This has been a learning process, and I often miscalculate. I don’t realize how mean the words coming out of my mouth sound until they’re circling in the air like vultures. I’ve never been physically intimidating, and when I was bullied as a kid, I learned how to come up with words cruel enough to weaken a fist. I learned how to be the loudest not in volume, but in impact.
When I tried to stop that drive to insult as an adult,I forced myself to wait things out until I figured out how to say what I wanted to. Putting things off led to me not wanting to say anything at all, because I’d burned out for the time being and didn't feel like it.
Someone told me to express my feelings when I had them even if I didn’t have words to, which is both the best and most difficult advice I’ve ever tried to apply in my life. Verbal talons are only one side of having an anger problem; ironically, the other is the difficulty of expressing myself with words at all. It’s tough to formulate a calm, rational argument when there aren’t words in your head, just little pictures of explosions and war footage you’ve seen.
There is no “right time” to say you’re upset, and it makes very little sense to finally verbalize it when you don’t feel it. I get that this conflicts with the idea of “cooler heads prevail”, but cooler heads may not care, or diminutize the issue, or worse, dismiss it entirely. If you never address your anger, you’ll never really be controlling it. The misguided advice of “just let it go” is a platitude people tend to use without realizing that if you want to let an experience go, you have to experience it.
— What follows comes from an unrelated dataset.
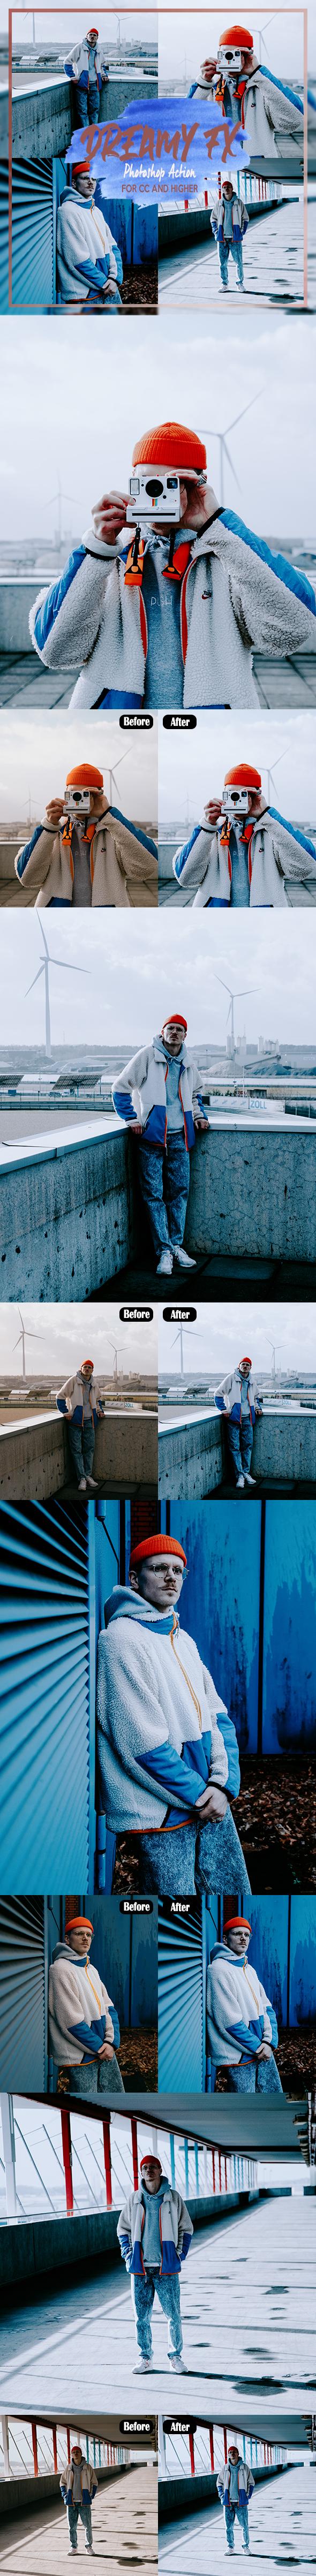 DREAMY fx - Photoshop Action

Sometimes I can’t do better in the moment than closing my eyes and telling the other person, “I’m Upset.”
I consider that basic sentence a huge leap forward from being able to look someone dead in the eye during the same rage and coolly saying, “Even when you’re trying your hardest, you’re still a fucking failure.”
I’m no longer looking to attack people when I confront them, and I think that’s why I’ve grown more comfortable doing it. As a result, even if it ends up being a long conversation, uncomfortably public or otherwise inconvenient. The opposite of Anger is kindness, but kindness doesn't mean you have to be nice.
Kindness comes from the root words for "kinship". The roots for "nice" are similar to that for "naive". Being kind to an angry person is expressing patience, not putting up with their bullshit.
I’m convinced that feelings are, and will almost always be, inconvenient. That’s sort of why they pop up, it’s your way of expressing your “being” in the moment. You have to recognize what it means to express yourself and attempt to be aware of why. Asking yourself why will teach you a lot. Trying to be more confrontational is my way of tending the fire. Maybe if I take care of it consistently, it’s less likely to blow out and leave ashes where some of my friendships used to be.
I never expected the “self destruct” part of my psyche to light up once I decided what I wanted to do with my life. I know depression is something that doesn’t simply vanish after an epiphany, but I guess I figured the sense of frustration and aimlessness that I’d been dealing with would wane once I had something that I was passionate about. Earlier this year, I hit a wall. I’ve been coping with the same depression that sneaks up on me from time to time, and it’s been particularly rough lately. I do this dance between not wanting to be seen by anyone to not trusting myself to be alone.
There’s something that seems very self defeating about turning your passion into a chore. There was awhile where I was forcing myself to write, not because I had writer's block, but it had become something I simply didn’t enjoy. The cruel counterbalance to that feeling was this yearning that any creative feels that I wasn’t doing enough; not writing enough, performing enough, getting out there enough. Not only did I stop enjoying what I was doing, I felt like I sucked at doing it. Try hopping out of bed in the morning after that kind of logic.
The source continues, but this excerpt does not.